SOURCE MATERIAL:
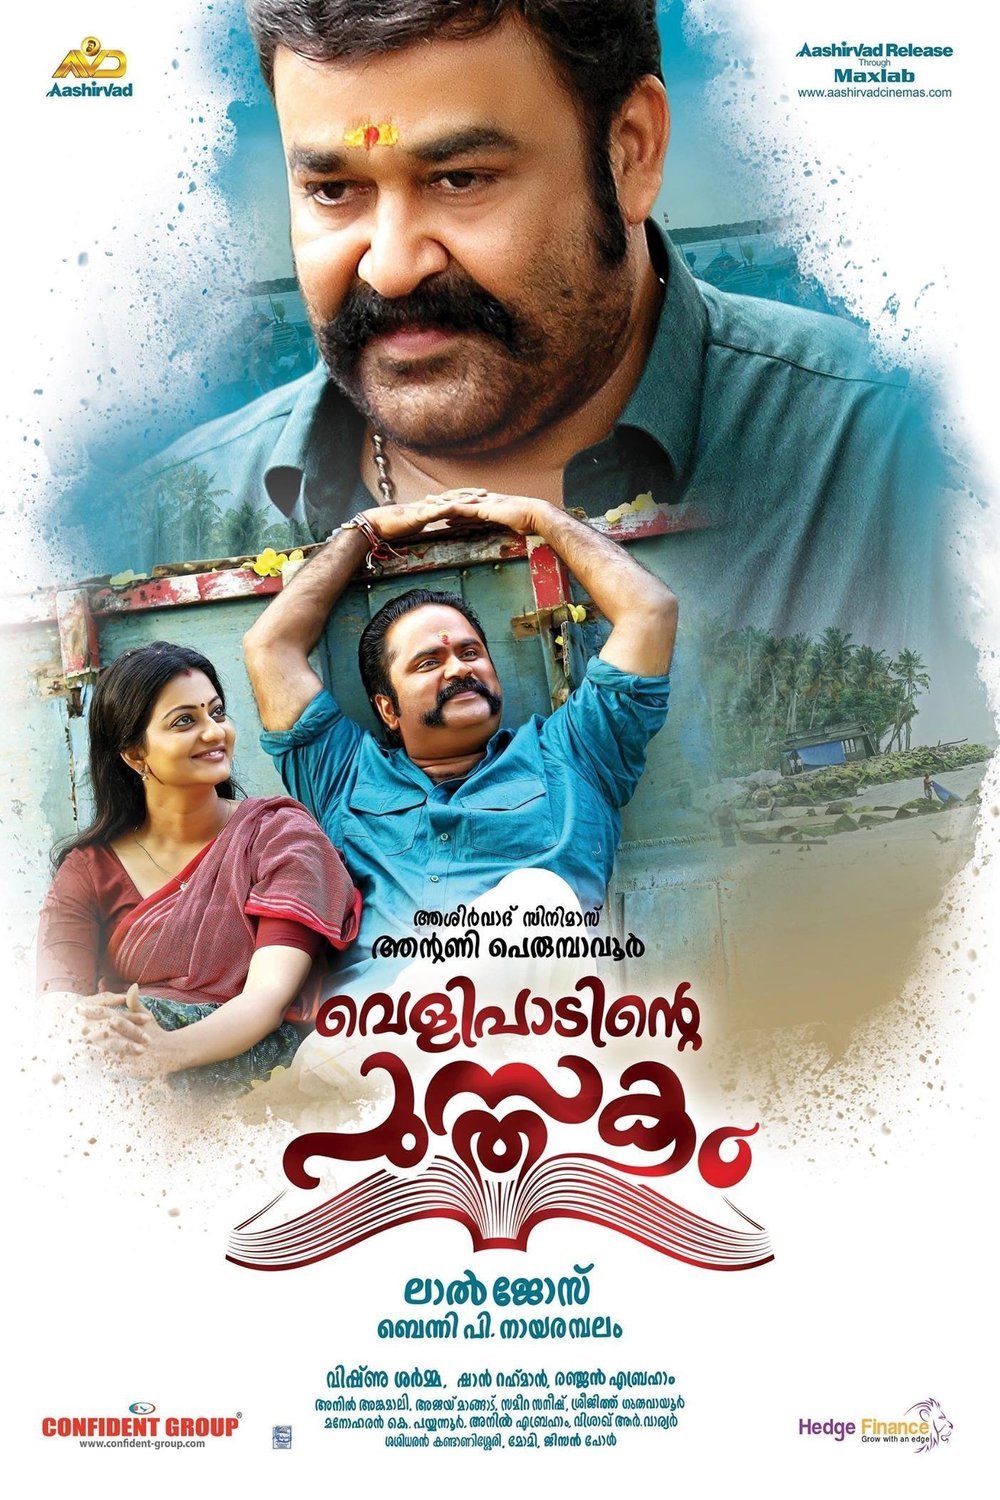 Malayalam poster of the movie Velipadinte Pusthakam
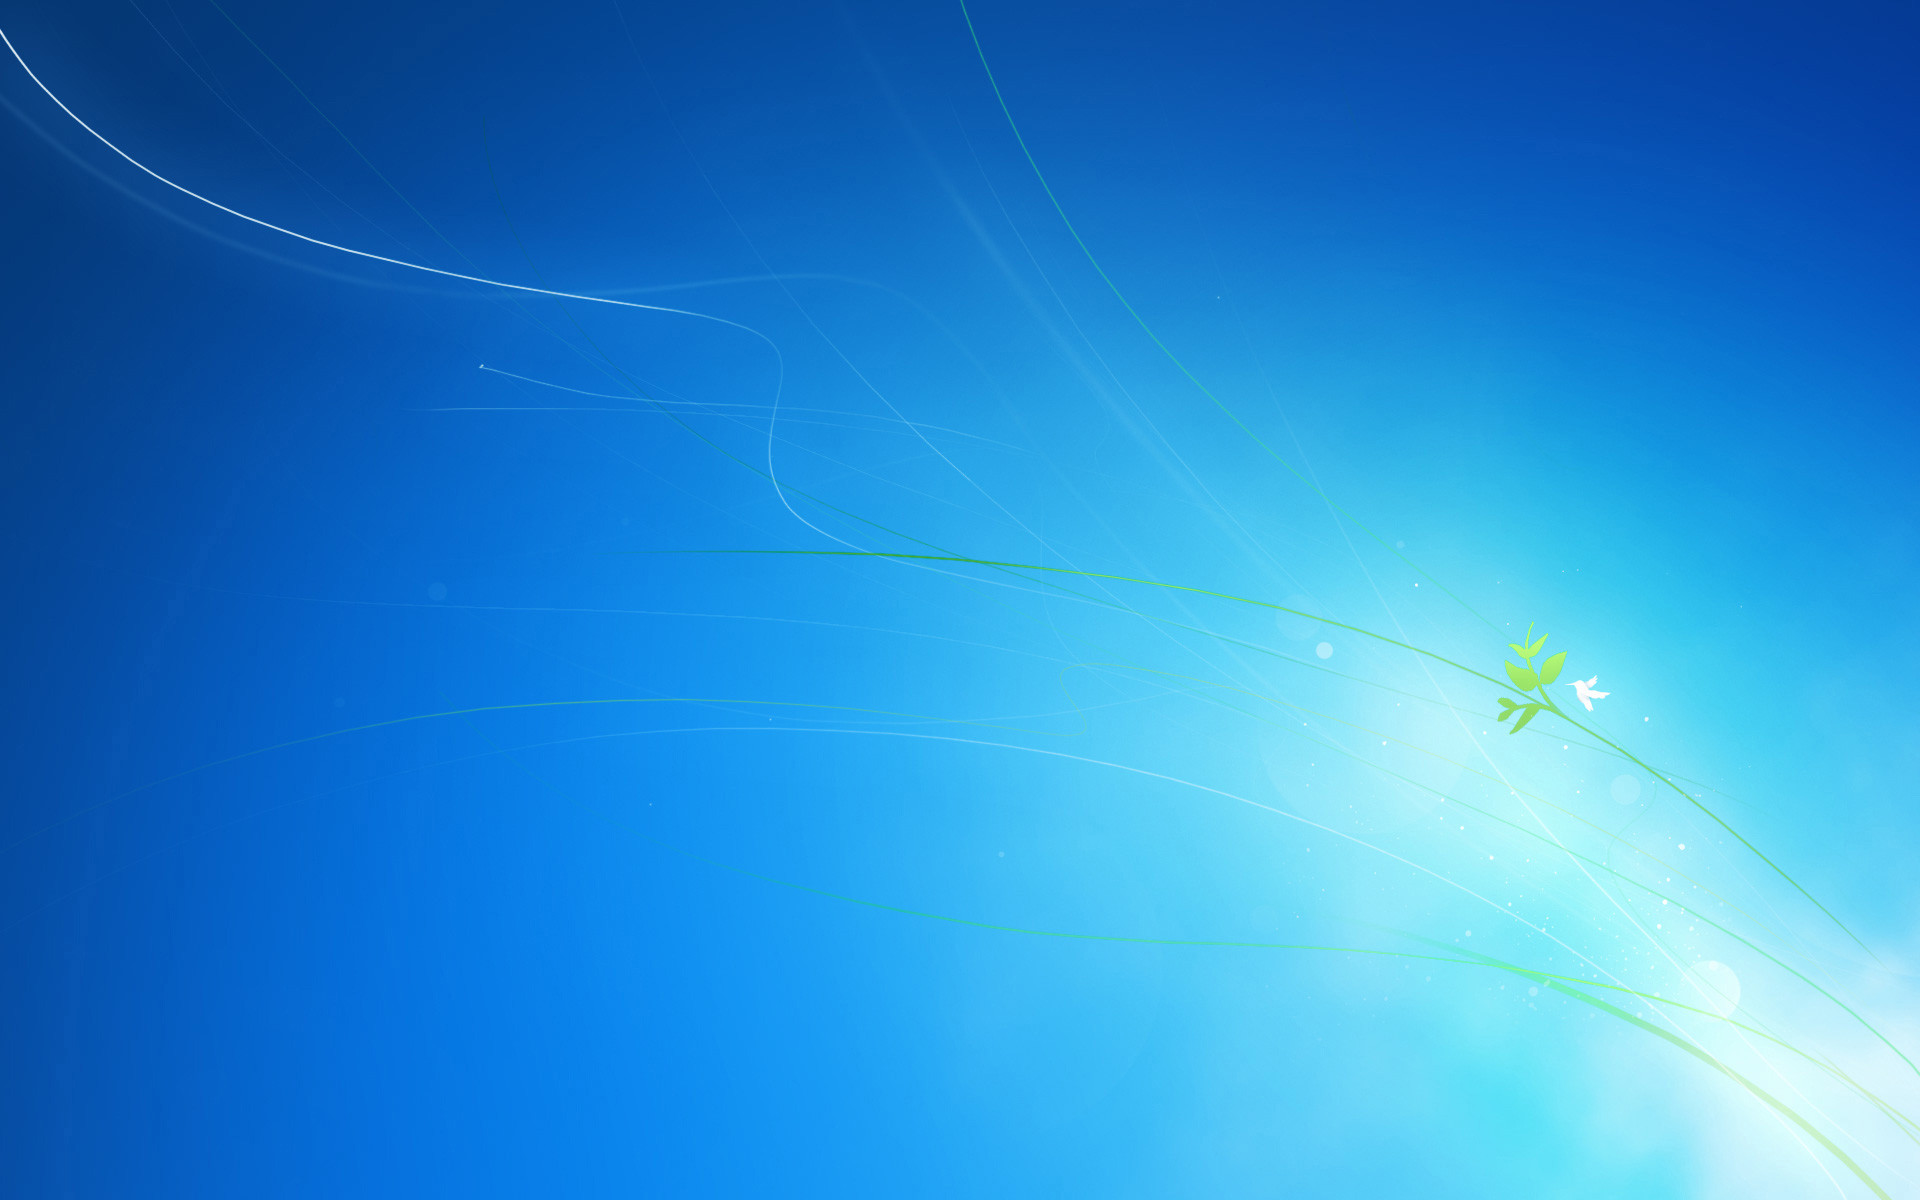 Windows 7: Original default wallpaper (2009)
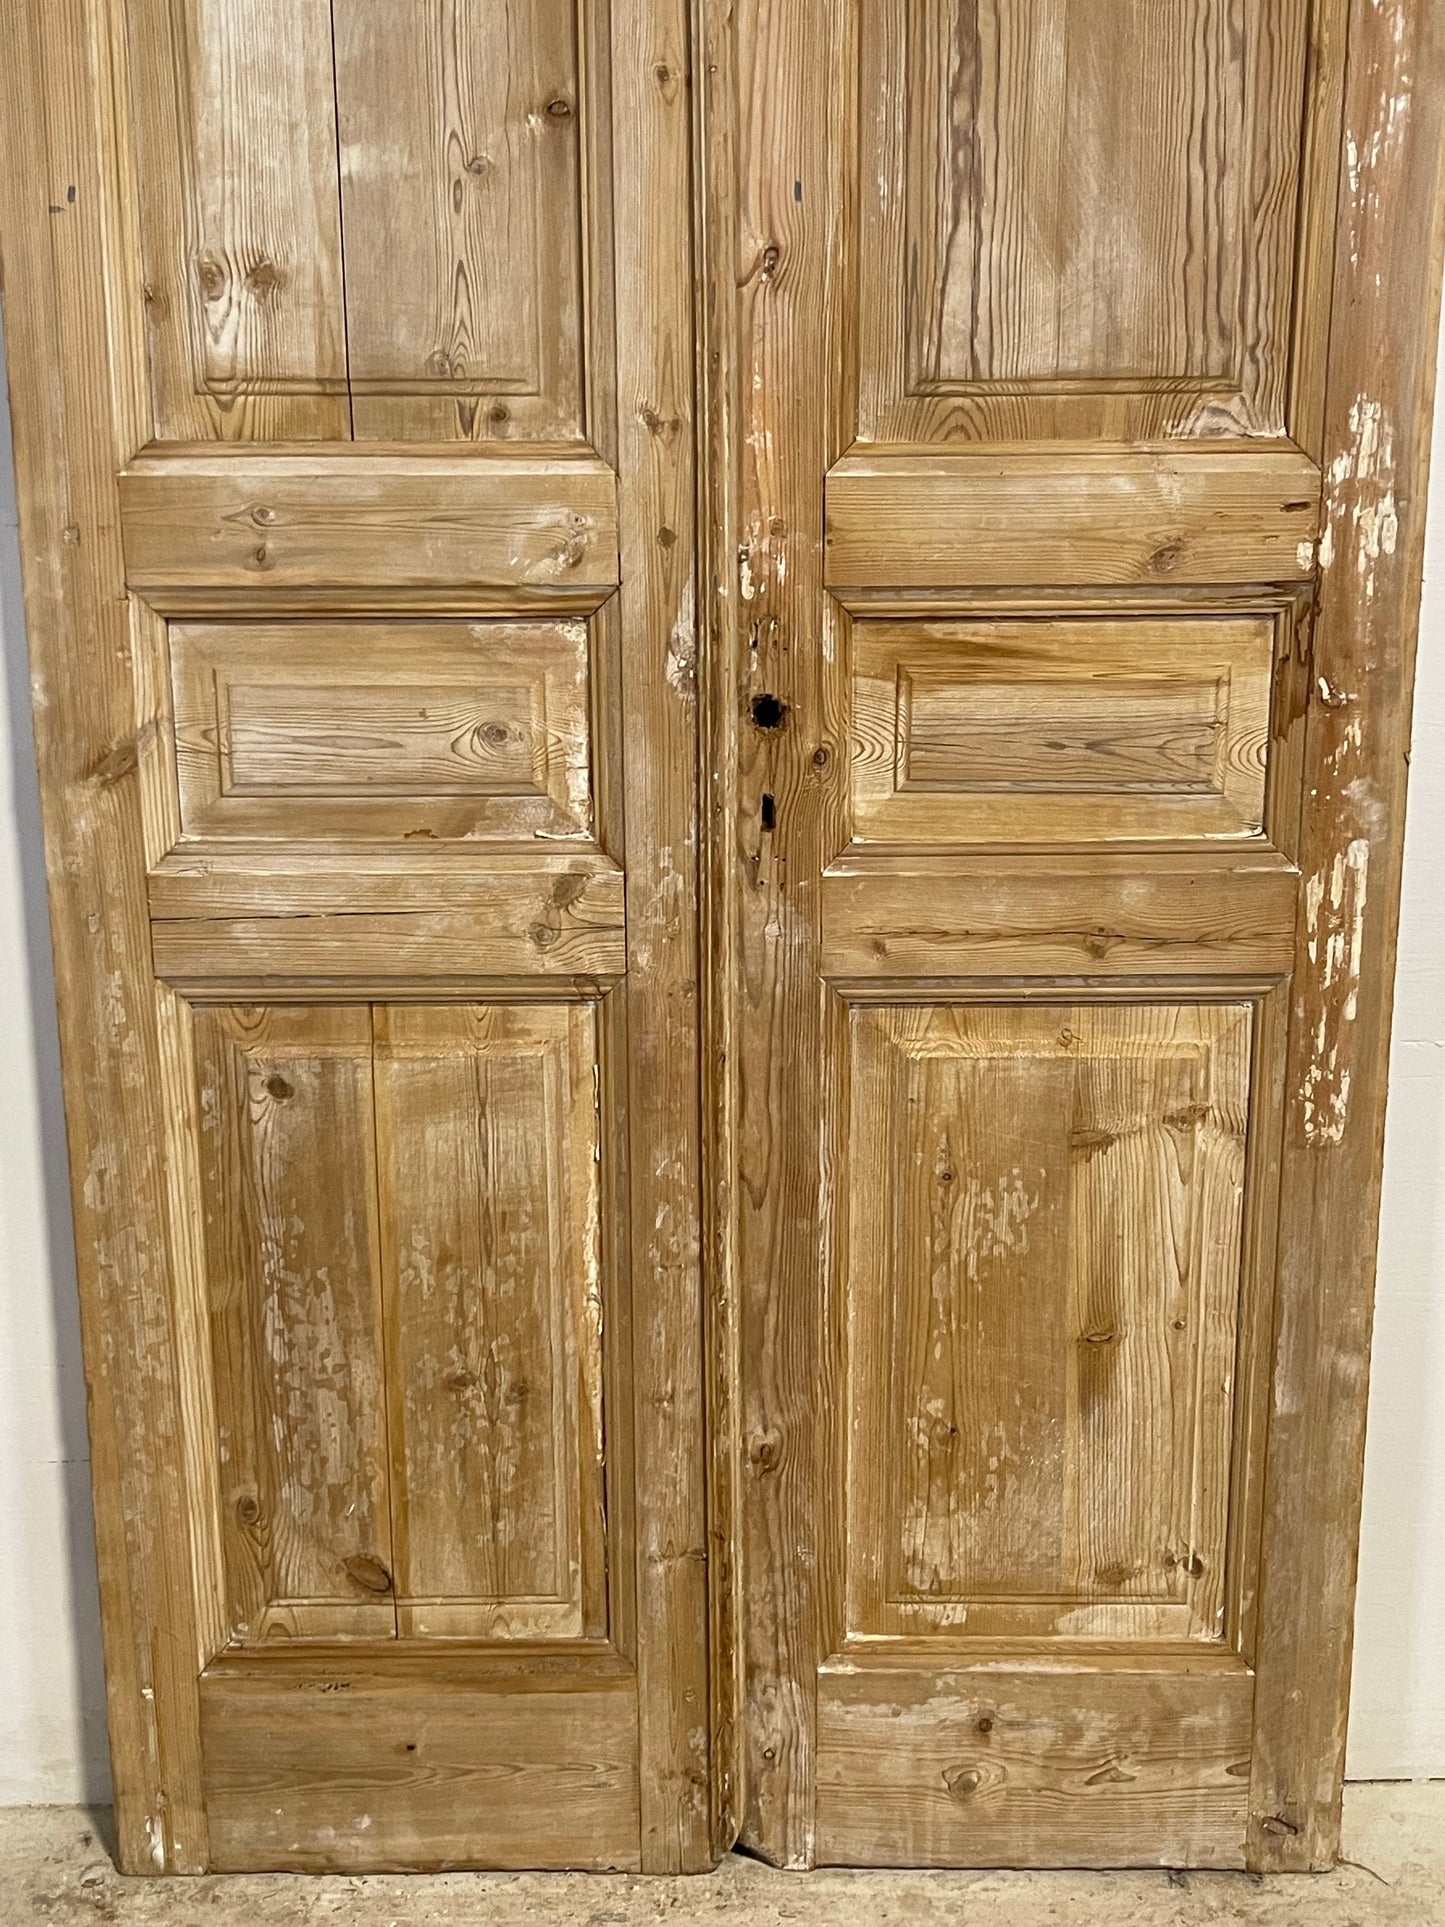 Antique French panel Doors (96x43) L287

TRY IT: Reproduce the whole of the data, word for word, and omit its pictures.

SOLUTION BELOW:
 Malayalam poster of the movie Velipadinte Pusthakam
 Windows 7: Original default wallpaper (2009)
 Antique French panel Doors (96x43) L287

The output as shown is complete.